Even people with no knowledge of demographics have heard of the group born between 1946 and 1964. These are the baby boomers. Canada produced more than 400,000 new Canadians in each year of the baby boom, peaking in 1959.
Baby Boomers Strong Influence
Baby boomers weren’t much different from previous generations, there were just so many of them, and this huge population bubble created unprecedented demand for consumer products and services.
This post will attempt to show how the banking industry changed during the boomer years to reflect the increasing demand for services that reflected the boomer lifestyle.
In 1954 the National Housing Act allowed chartered banks to enter the mortgage-lending field. CMHC introduced mortgage loan insurance, making home ownership more accessible.
Canadian families were averaging four children each and in the 1960’s houses were becoming bigger, incorporating the basement as living space.
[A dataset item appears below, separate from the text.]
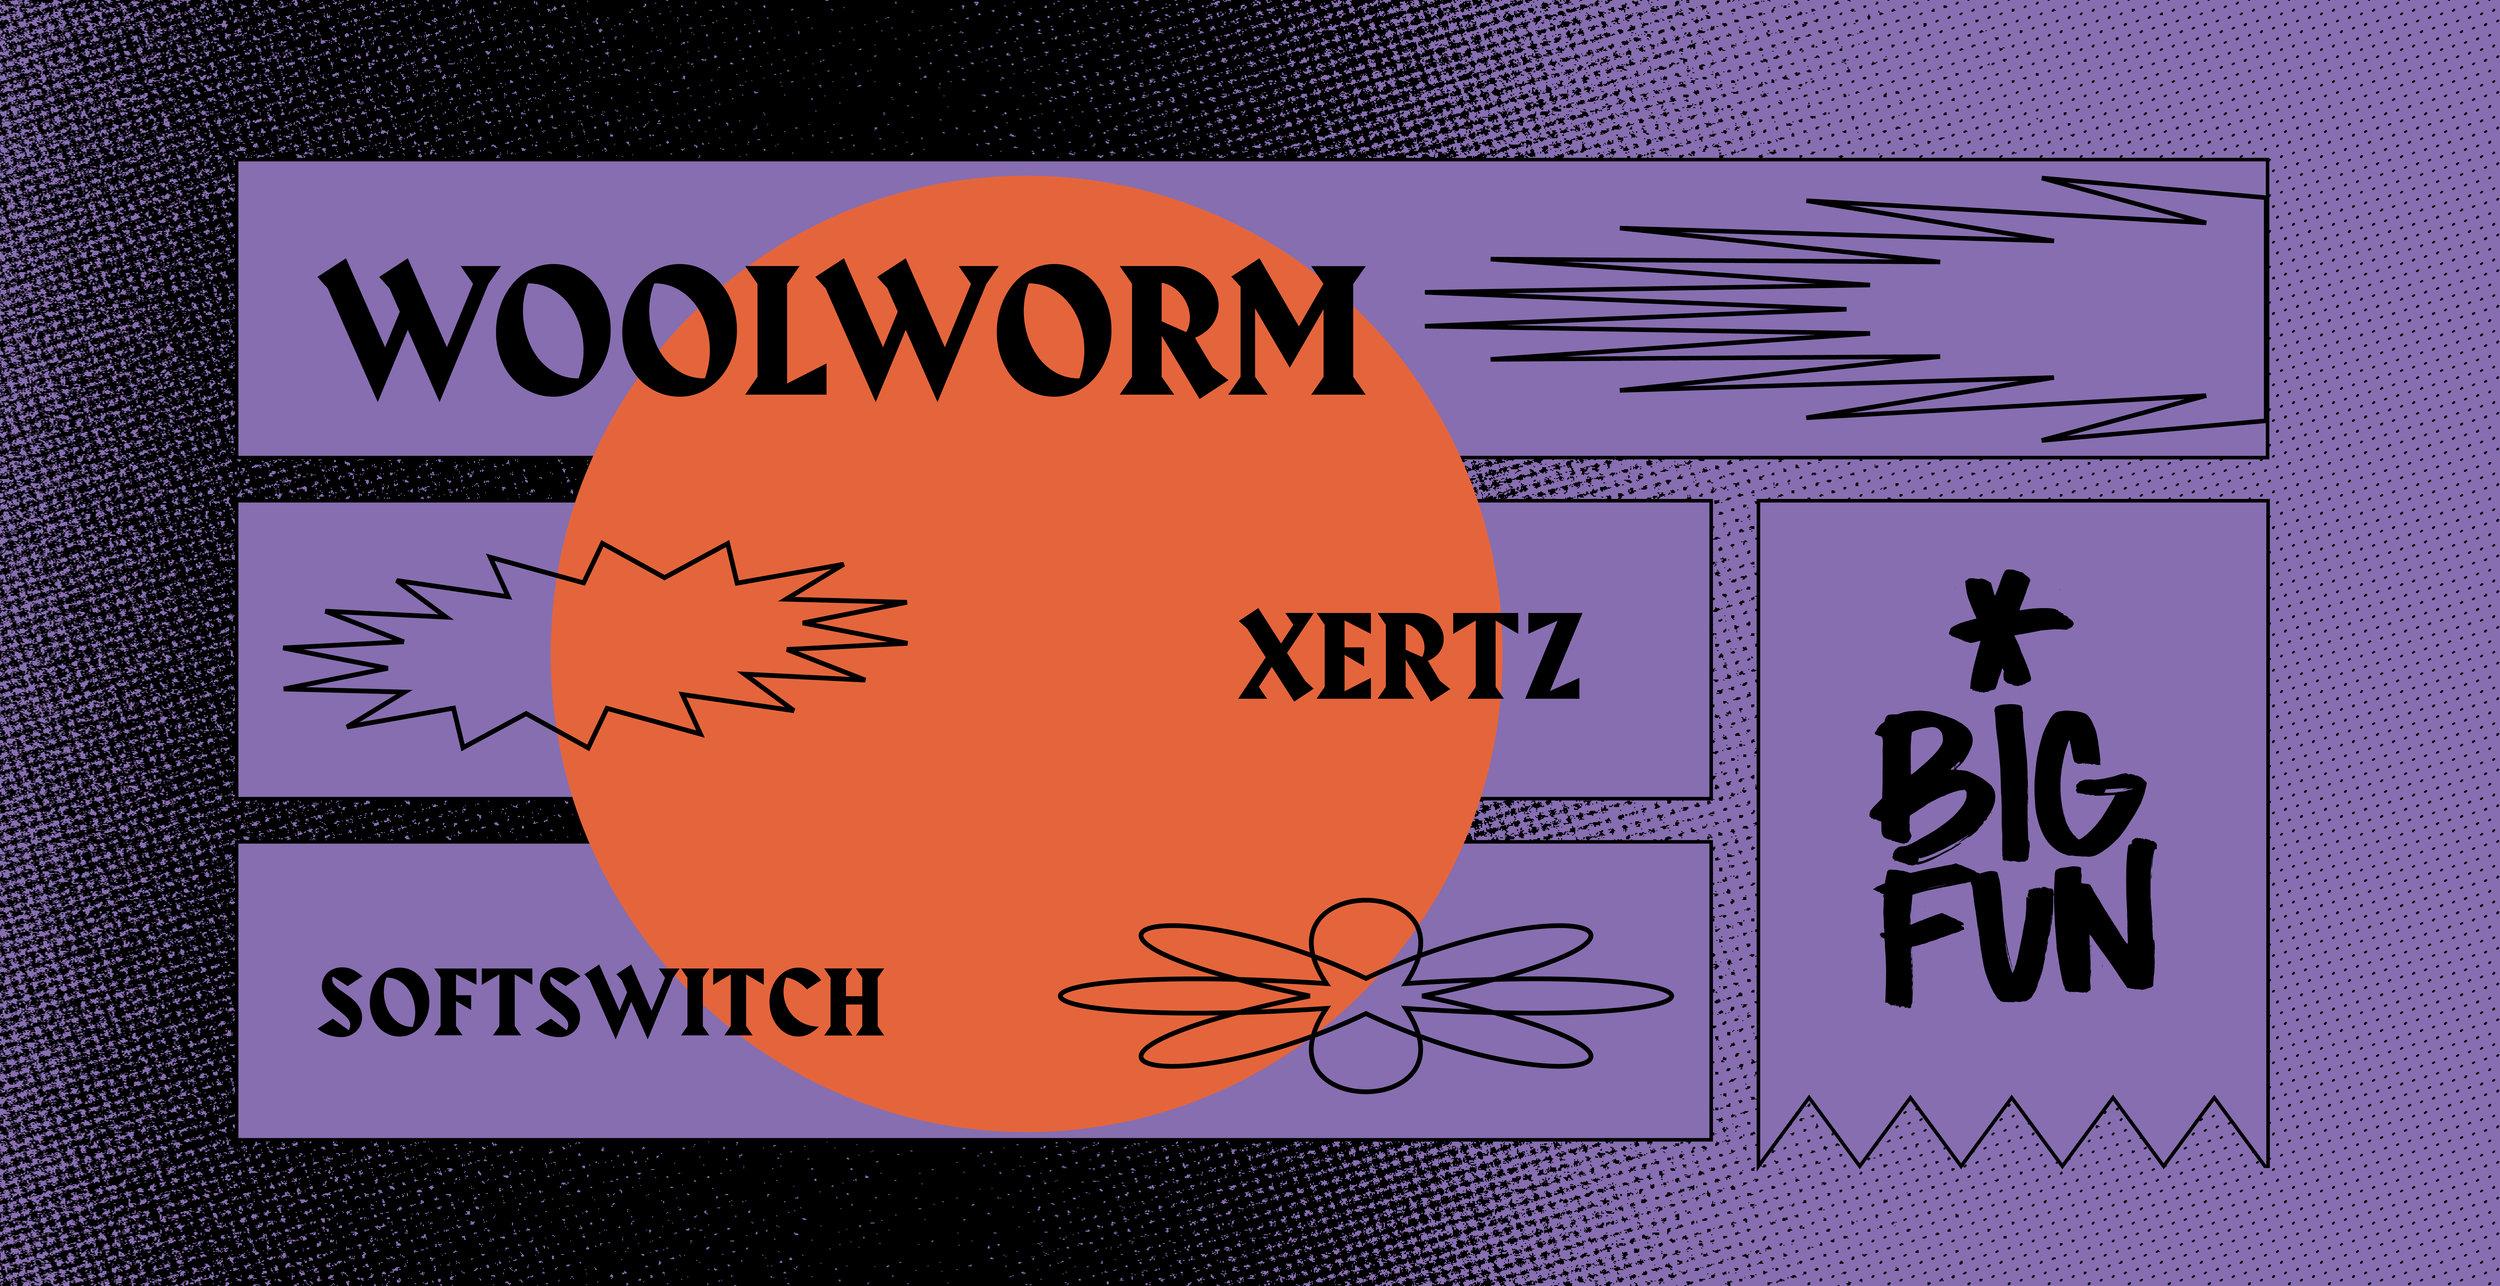 03-BIGFUN-WOOLWORM-FB.jpg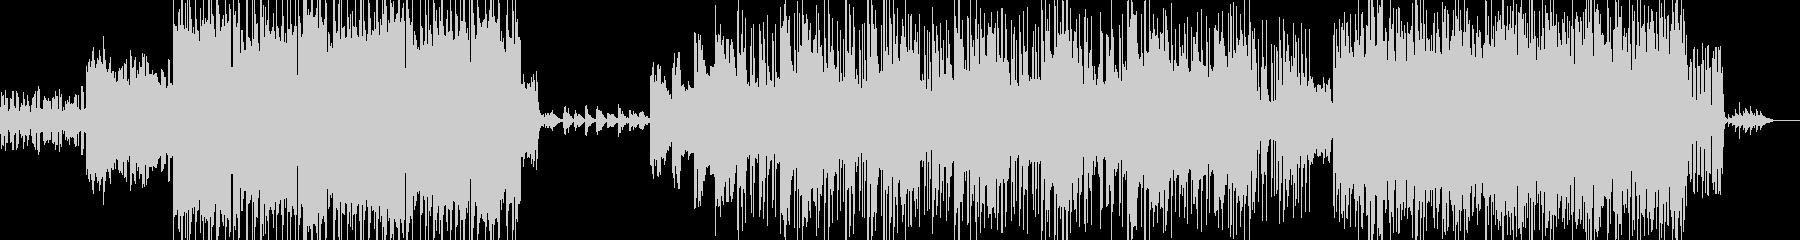 Xmasの夜に聴きたいバラードインストの未再生の波形

A Royal Bank brochure on mortgages from this era proclaimed the average house was valued at $8,000. With an $800 down payment, monthly payments were $48.88.
Adulthood and – Credit
The late 1960’s brought the introduction of charge cards. No other financial product changed Canadian spending habits so drastically, putting $300 of instant credit into consumer hands.
The often-heard slogan was “Will that be cash or Chargex?” CIBC, Royal Bank, Scotiabank and TD all offered Chargex (now VISA) while Bank of Montreal was the sole bank offering MasterCharge (MasterCard)
Unfortunately, during the boomers’ greatest spending years – raising a family, buying a house (mortgage), or car (loan), and dozens of other expenditures – inflation was at its highest, peaking at 21% in 1981.
Sure, interest rates on simple savings accounts were 5-6% and 5-year GIC rates pushed upwards of 20% but 5-year mortgage terms soared to 24%.
Wage and price controls were implemented to control the rise in inflation but the damage was done. Sadly, many people were downsized from their jobs and families lost their homes to foreclosure when they couldn’t afford their mortgage payments after renewal.
It was difficult to sell your house in a poor housing market which saw prices plummet to the degree that the outstanding mortgage was greater than the house value. CMHC came through and covered all the insured deficits. Otherwise, bank bankruptcy could have been a real possibility.
The “four pillars” of Canadian finance – Banking, Trusts, Insurance and Investments – were deregulated in 1986. Formerly, these were all separate entities. Banks added trusts, securities and brokerages (both discount and full service) to their line up, mostly by purchasing existing companies but sometimes by developing their own departments.
Boomers were now in their peak earning years and, with mortgages paid off (or well on their way) and children leaving the nest, savings became more of a priority.
Interest rates had declined but the stock market was booming. With the introduction of mutual funds sold at the bank retail level, it was easy to participate. Investment returns had been extremely attractive and markets had performed steadily.
A lot of former GIC investors jumped into the stock market via mutual funds without a glance at their risk tolerance (we called them GIC refugees).
Crash and Burn
At the beginning of the 90’s when the market corrected, the formerly optimistic investors fled for their lives losing the money they never would have lost if they had held tight to a long-term strategy.
Undaunted, banks came up with the Market-Growth GIC promising the security of a GIC (no loss of principal) with the potential growth of the stock market. Investors were promised that, after a correction, the possibility of another rise was a given, especially within the 3- and 5-year terms.
The subsequent upturn in the market gave out huge returns so now these products have toned down significantly, with fixed upper limits where formerly there were none.
The Search for Income Sources
Early retiring boomers now were requiring some cash from their investments. Interest on fixed income products like GIC’s and Bonds were at all time lows. Monthly Income Fund mutual funds were introduced with increased returns to fulfill that need.
Where to Now?
In Canada, baby boomers make up approximately one-third of our population and just under 50% of tax filers. The first baby boomers are eligible to receive Old Age Security this year. There will be greater pressure on both public and private pension programs.
I have no doubt that the banking industry will continue to implement programs and services that will fulfill the growing needs of this large demographic in the decades to come.